Di Loreto Chiara, Minarelli Viviana, Nasini Giovanni, Norgiolini Roberto, Del Sindaco Paola
Diabetes Clinic, USL Umbria 1, Perugia Territorial Health Structure, Perugia, Italy.
Diabetes Clinic, USL Umbria 1, Città di Castello Hospital, Città di Castello, Italy.
Diabetes Ther. 2022 Mar;13(3):551-567. doi: 10.1007/s13300-022-01218-y. Epub 2022 Mar 1.
To complement results of the SUSTAIN program, this study assessed effectiveness and safety of once weekly subcutaneous semaglutide in people with type 2 diabetes (T2D) managed under routine care.
This was a multicenter, observational, retrospective study including all patients treated with semaglutide. Changes in clinical outcomes from baseline to 6 and 12 months were assessed in patients who were glucagon-like peptide receptor agonist (GLP-1RA) naïve or switching from another GLP-1RA. Discontinuation rate was assessed.

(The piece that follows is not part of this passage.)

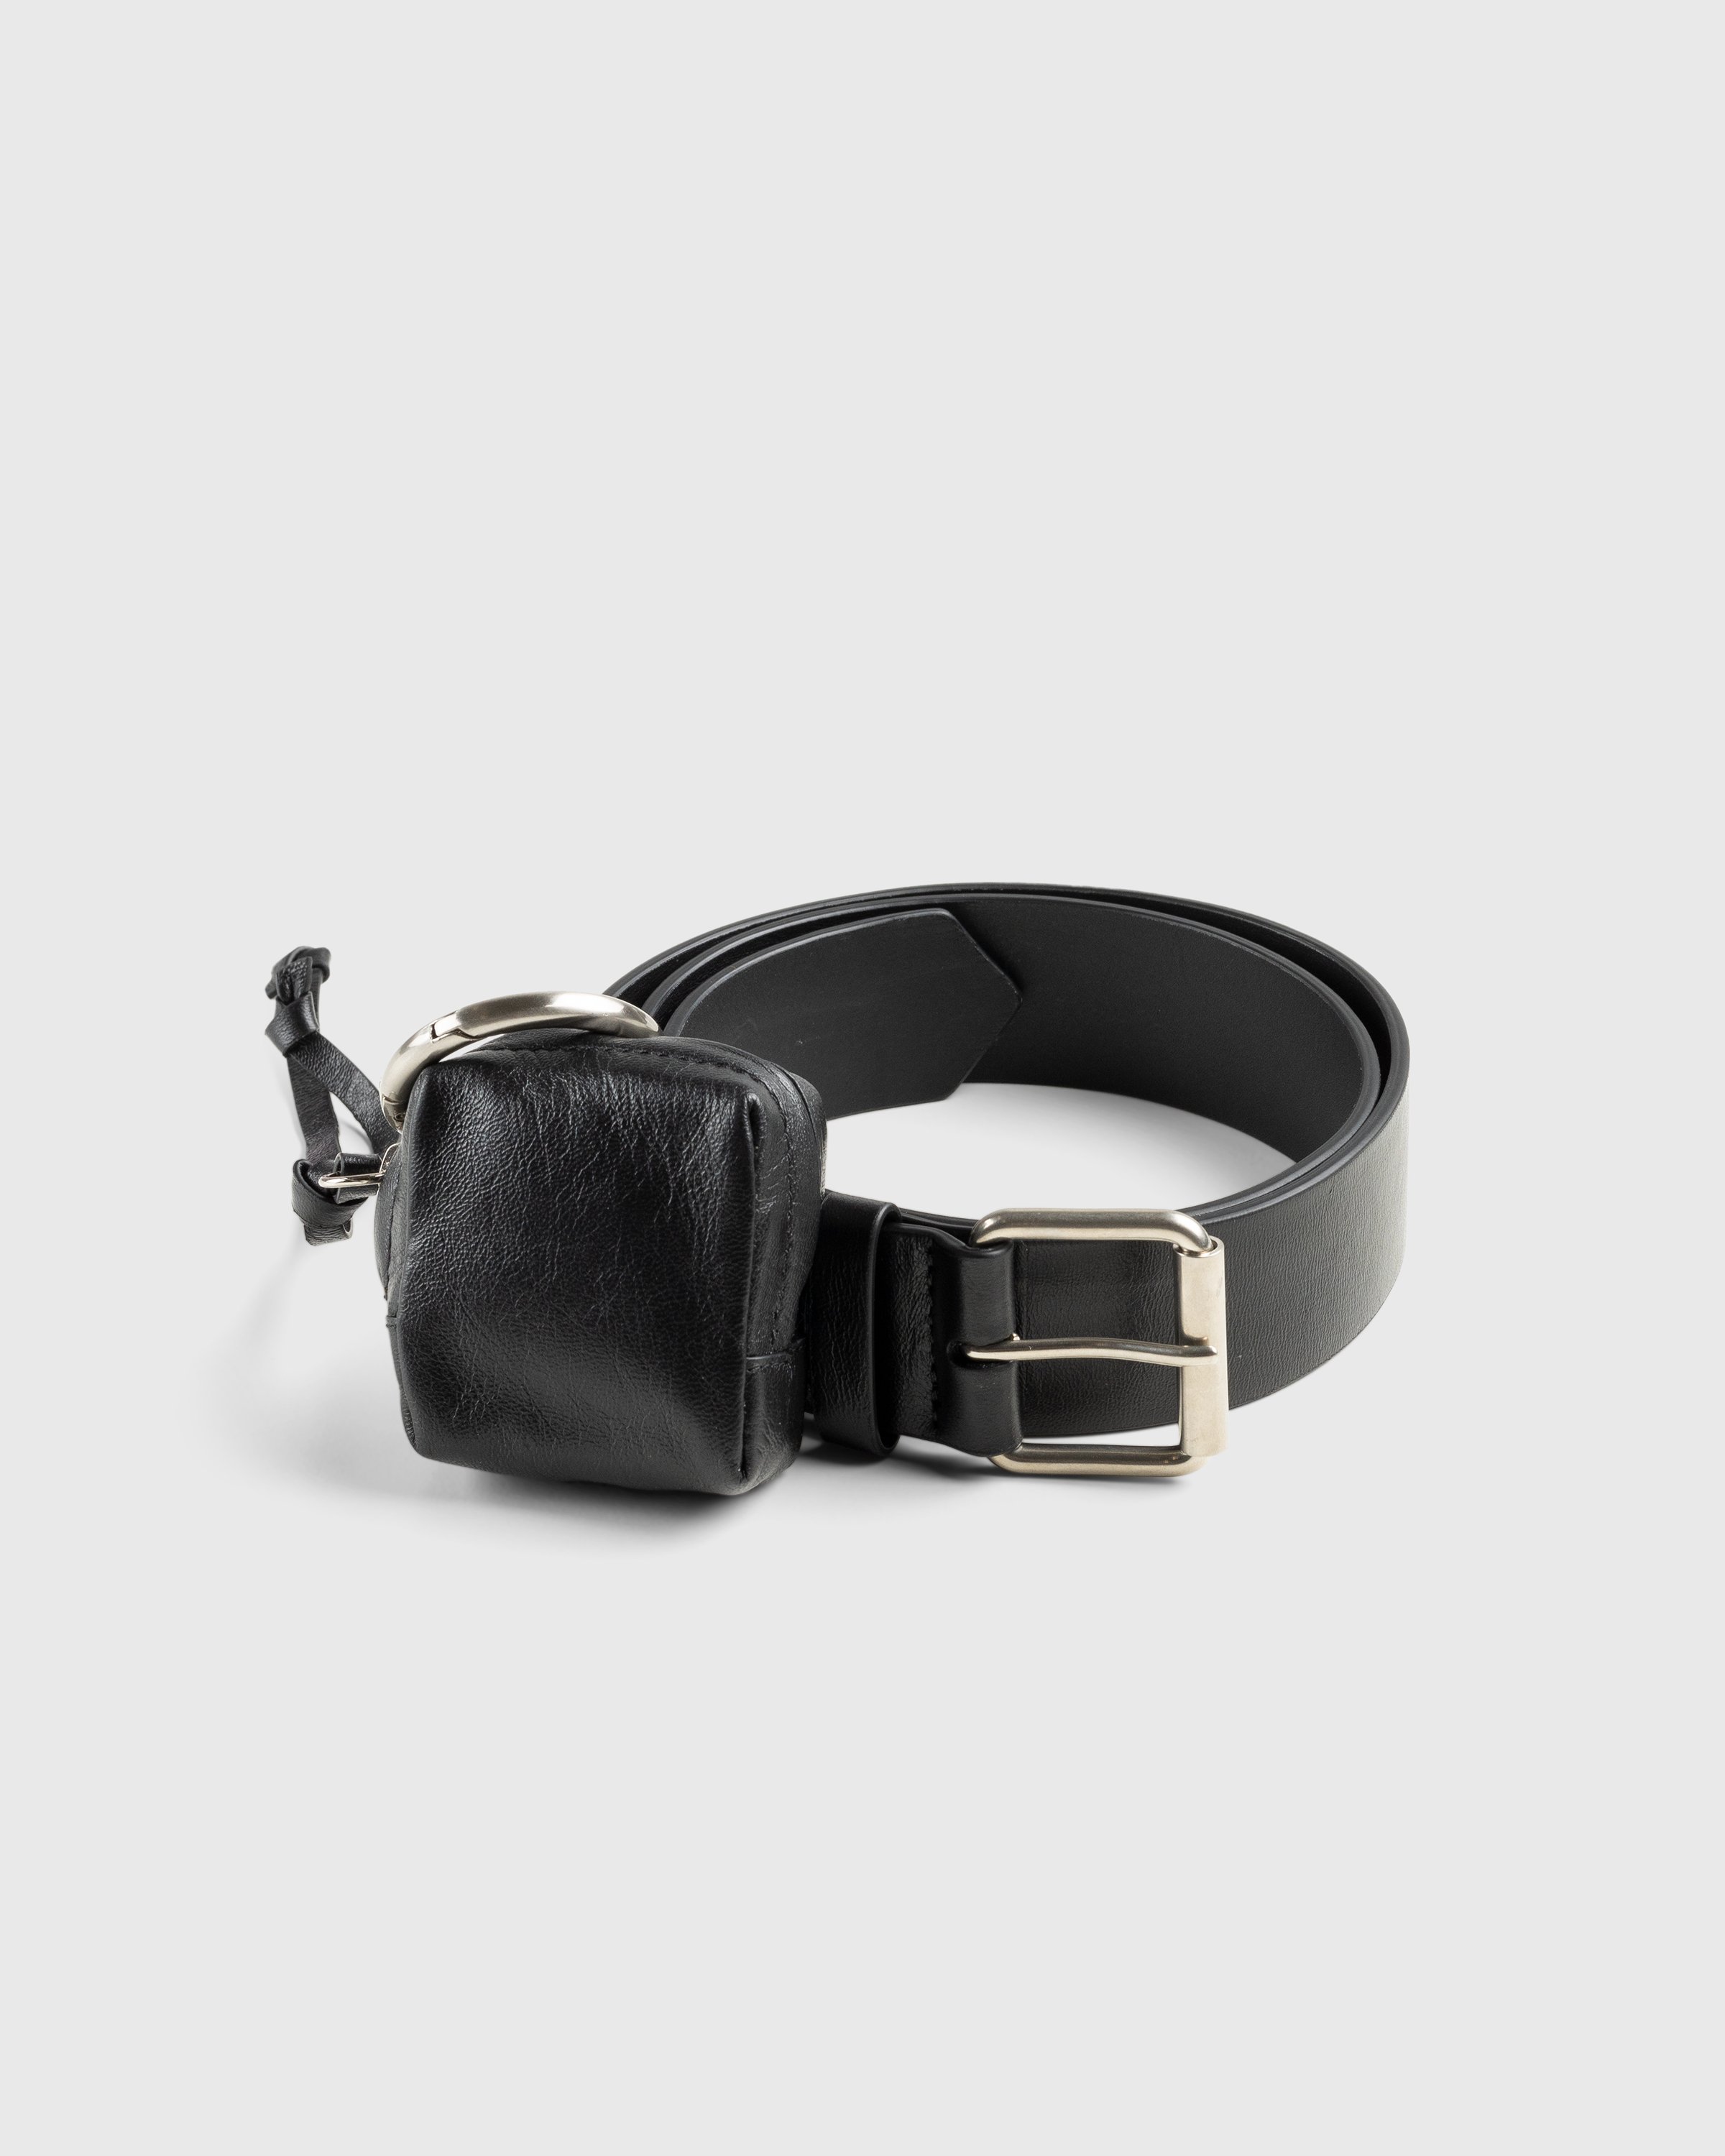 Dries van Noten - Leather Belt With Pouch Black - Accessories - Black - Image 1

Overall, 216 patients (mean age 64 years, 65.7% men) were evaluated: 135 (61.5%) naïve and 81 (38.5%) switchers from another GLP-1RA. In the naïve cohort, after 6 months from semaglutide initiation, levels of HbA1c significantly decreased by - 1.31% (p < 0.0001). All obesity indices improved, with mean reductions in body weight of - 3.92 kg, in BMI of - 1.43 kg/m, and in waist circumference of - 5.03 cm. In the switcher cohort, statistically significant improvements in HbA1c (- 0.78%), body weight (- 2.64 kg), and waist circumference (- 3.03 cm) were obtained after 6 months. Reductions were sustained after 12 months in both cohorts (mean semaglutide dose: 0.86 mg in naïve and 0.96 mg in switcher cohort). Blood pressure and lipid profile mean levels decreased after 12 months from semaglutide initiation in both cohorts. No severe hypoglycemia occurred; 6.5% of patients discontinued semaglutide (2.8% due to gastrointestinal side effects).
Effectiveness and tolerability of semaglutide have been confirmed in the real world irrespective of diabetes duration and severity. As expected, more marked reductions in HbA1c and obesity indices were obtained in naïve patients, but it is noteworthy that relevant improvements were also obtained in patients already treated with GLP-1RAs.
为补充SUSTAIN项目的结果,本研究评估了在常规护理下接受治疗的2型糖尿病(T2D)患者中,每周一次皮下注射司美格鲁肽的有效性和安全性。
这是一项多中心、观察性、回顾性研究,纳入了所有接受司美格鲁肽治疗的患者。对初治或从其他胰高血糖素样肽受体激动剂(GLP-1RA)转换过来的患者,评估从基线到6个月和12个月时临床结局的变化。评估停药率。
总体上,共评估了216例患者(平均年龄64岁,65.7%为男性):135例(61.5%)为初治患者,81例(38.5%)为从其他GLP-1RA转换过来的患者。在初治队列中,司美格鲁肽起始治疗6个月后,糖化血红蛋白(HbA1c)水平显著下降了-1.31%(p < 0.0001)。所有肥胖指标均得到改善,体重平均下降-3.92 kg,体重指数(BMI)下降-1.43 kg/m²,腰围下降-5.03 cm。在转换队列中,6个月后HbA1c(-0.78%)、体重(-2.64 kg)和腰围(-3.03 cm)均有统计学意义的改善。两个队列在12个月后这些指标的下降仍持续存在(初治队列司美格鲁肽平均剂量:0.86 mg,转换队列:0.96 mg)。两个队列在司美格鲁肽起始治疗12个月后,血压和血脂谱平均水平均下降。未发生严重低血糖;6.5%的患者停用了司美格鲁肽(2.8%是由于胃肠道副作用)。
无论糖尿病病程和严重程度如何,司美格鲁肽在现实世界中的有效性和耐受性均得到了证实。正如预期的那样,初治患者的HbA1c和肥胖指标下降更为显著,但值得注意的是,已经接受GLP-1RA治疗的患者也有相关改善。